The equation I want to solve is

n = 5
h = 0.1
i = 0
y[0] = 1
yy[0] = 1
zi[0] = Table[i, {i, {1, 1}}]
T1 = {{0, 1.00799}, {0.1, 1.09268}, {0.2, 1.18921}, {0.3,
1.25086}, {0.4, 1.32473}, {0.5, 1.36879}, {0.6, 1.39813}, {0.7,
1.41114}, {0.8, 1.39531}, {0.9, 1.3986}, {1., 1.39468}}
Tij = Table[T1[[i, 2]], {i, 1, 11}]
ij = Table[T1[[i, 1]], {i, 1, 11}]
F[t_] := {y[t], (Tij[[t + 1]] - 9*yy[t] - 13*y[t])/5}
While[i < n, zi[i + 1] = zi[i] + F[i]*h; y[i + 1] = h + i;
yy[i + 1] = zi[[2]]; i = i + 1]

• Try again to paste your code.
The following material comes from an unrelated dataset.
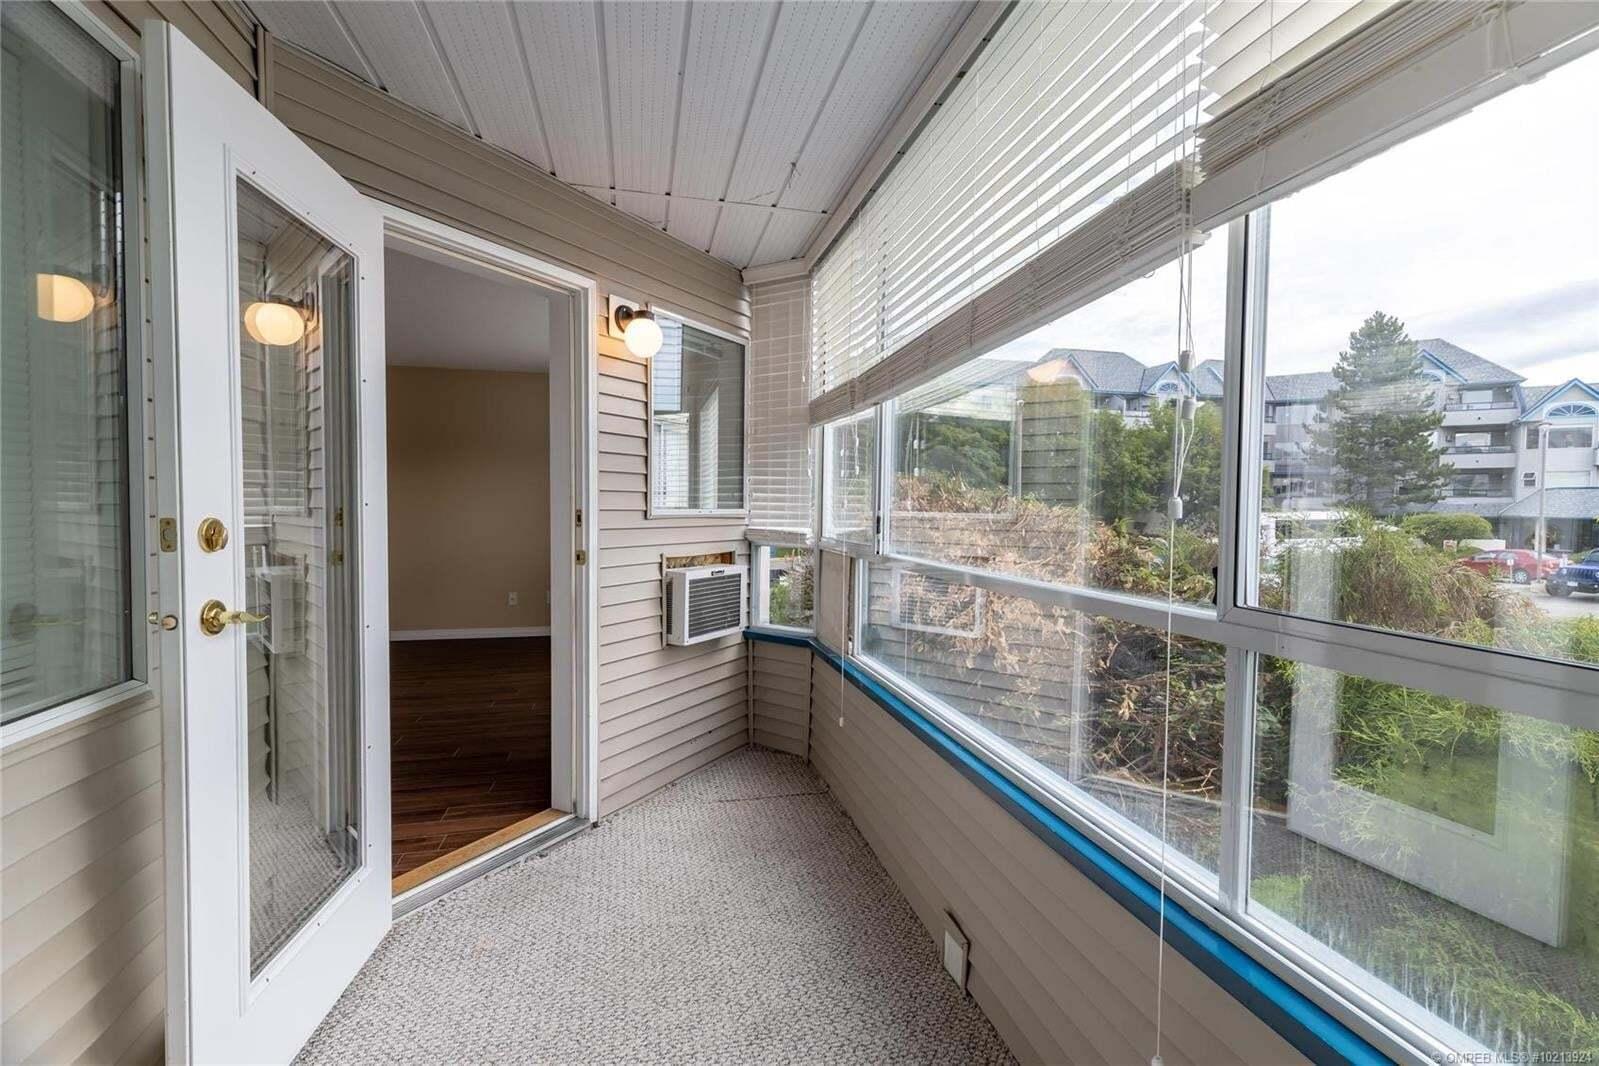 Condo for sale at 3283 Casorso Rd Unit 109 Kelowna British Columbia - MLS: 10213924

Do this: Put all your working code in one cell. Then do Cell->ConvertTo->InputForm (from the menu), then select the cell again and do RIGHT-CLICK (with the mouse), COPY-AS->Plain text. Then paste the result here again. Jun 15, 2014 at 7:49
• thx for that :) Jun 15, 2014 at 7:53
• I can't follow your code now. But noticed you wrote zi[[2]] there, and before you wrote zi[0, 0] You can't do this. zi[[2]] is trying to access position 2 in a list. You never allocated a list of this size. zi[2] is different from z[[2]]. You can write z[1000] without having to allocate anything (this is called indexed variable), but you can't write z[[1000]] without first allocating the space, as this is an actual list or vector in Matlab talk. Jun 15, 2014 at 8:02
• I think thats the problem... how can i enter a indexed vector like in this case zi[0]={1,1}, the indexed seems that only admits a lonely value and not vectors. (like y[0]=1) Jun 15, 2014 at 15:23

The easiest way to work with your sampled points is to derive an interpolating function from it.

pts =
{{0, 1.00799}, {0.1, 1.09268}, {0.2, 1.18921}, {0.3, 1.25086}, {0.4, 1.32473},
{0.5, 1.36879}, {0.6, 1.39813}, {0.7, 1.41114}, {0.8, 1.39531}, {0.9, 1.3986},
{1., 1.39468}};
f = Interpolation[pts];


Given f, to solve your ODE with Euler's method implemented by a while-loop, you could use

yPts = {{0., 1.}}; v0 = 1.;
Module[{t = yPts[[1, 1]], dt = .05, a, v = v0, y = yPts[[1, 2]]},
While[t <= 1.,
a = (9/5) v - (13/5) y + f[t]/5;
t += dt;
v += a dt;
y += v dt;
yPts = {yPts, {t, y}}];
yPts = Partition[Flatten[yPts], 2]];


Here is a plot of the results

yPlot = ListLinePlot[yPts, PlotStyle -> Red]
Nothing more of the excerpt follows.